Hmmm. Tell you what, I'll put together my "nasty" solution as a PR, then we can discuss the pros/cons and perhaps better alternatives via clize or otherwise:
improver <commandA> --no-lazy <input-file1> <input-file2> ...
Thanks @BelligerG
Hmmm. Tell you what, I'll put together my "nasty" solution as a PR, then we can discuss the pros/cons and perhaps better alternatives via clize or otherwise:
Sounds good, it was just a quick alternative :-)

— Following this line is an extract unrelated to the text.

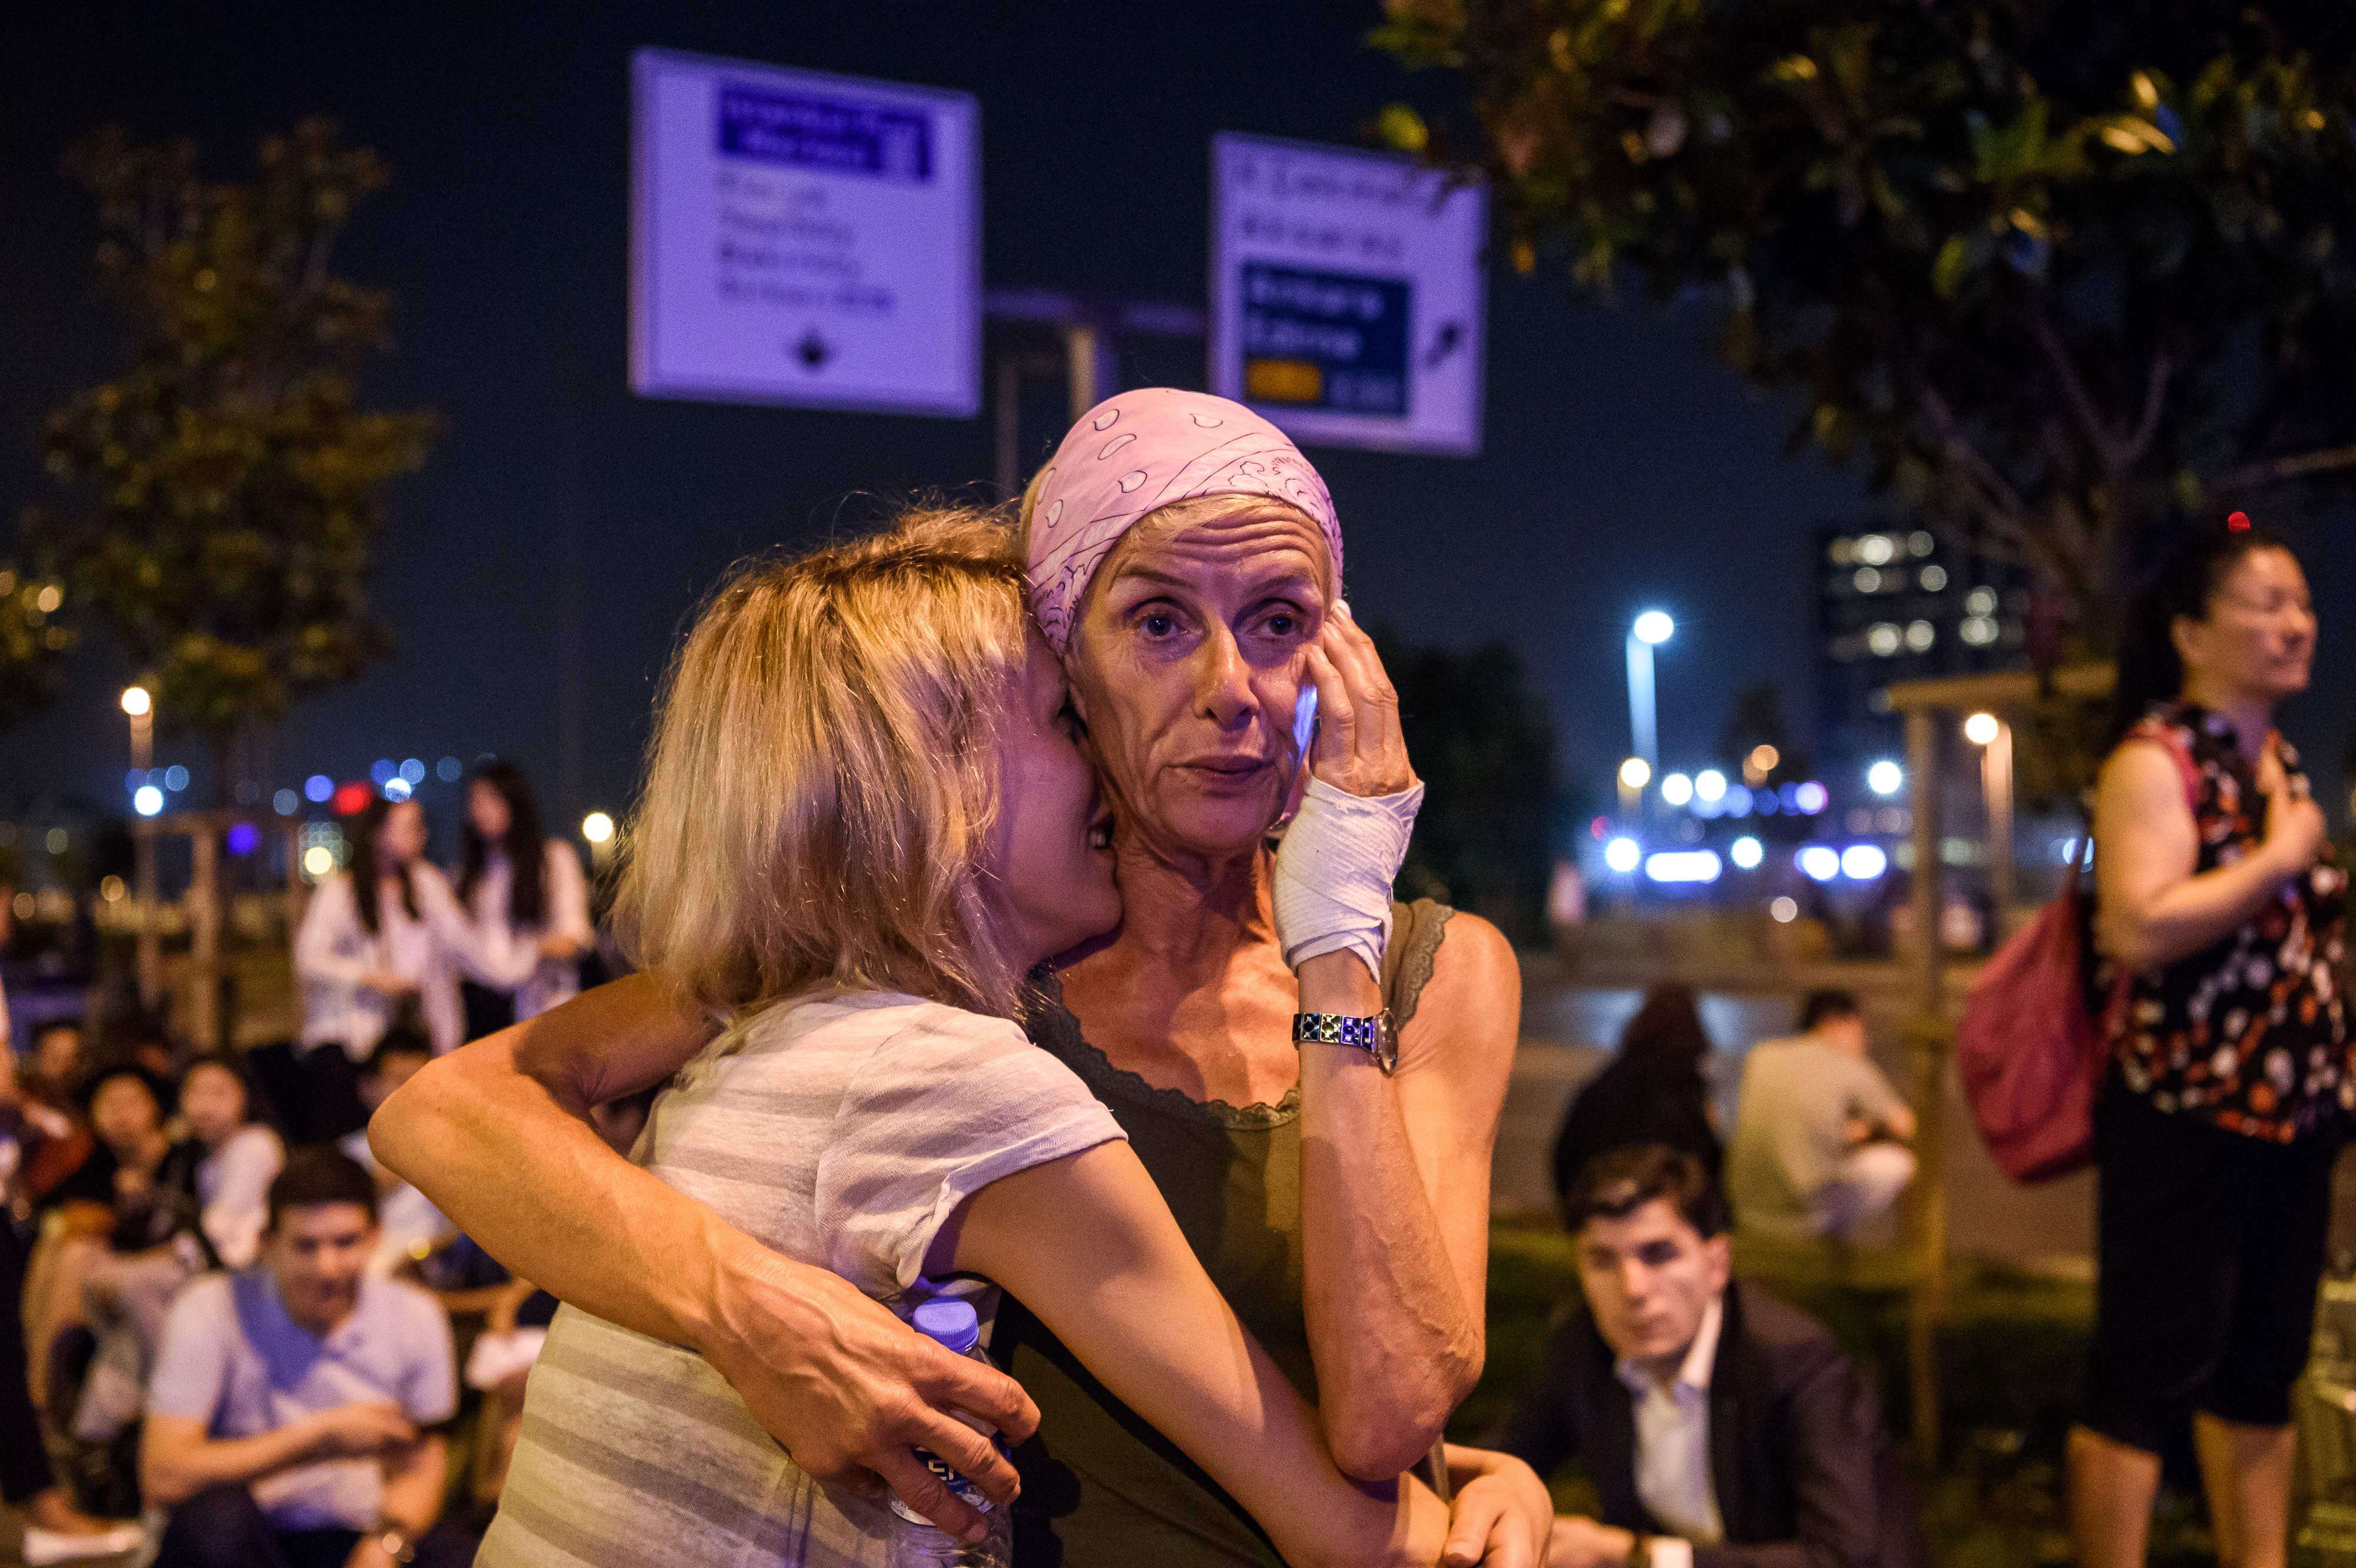 Passengers embrace outside Ataturk airport`s main entrance in Istanbul, after two explosions followed by gunfire hit Turkey's largest airport. Photo: AFP

The issue with regrid is two-fold:
The first and most significant is that we are currently calling AdjustLandSeaPoints.correct_where_input_true
, once for land and once for ocean, for EACH x-y slice of the input cube ("multi-realization data"). This then unnecessarily re-evaluates an unstructured nearest neighbour problem via calls to scipy.interpolate.griddata for each of these slices. Nearest neighbour calculations need only be calculated once for land and once for ocean...
The second 'issue' is then where dask rears its head, which is that we create these x-y slices as well as create various copies. Due to the change in chunking rules for NetCDF in recent iris, we are then hit (as with the weighted blending) with an unnecessary read from disk bottleneck.
Based on some quick changes locally: caching the nearest neighbour regridder by utilising ckdtree and also realising the data on load, I can confirm we can go from ~2m40s to <15s
Currently the nightly suite run demonstrates issues with some commands involving mask handling.
ppdev suite output:
Note the difference in run-time between the two.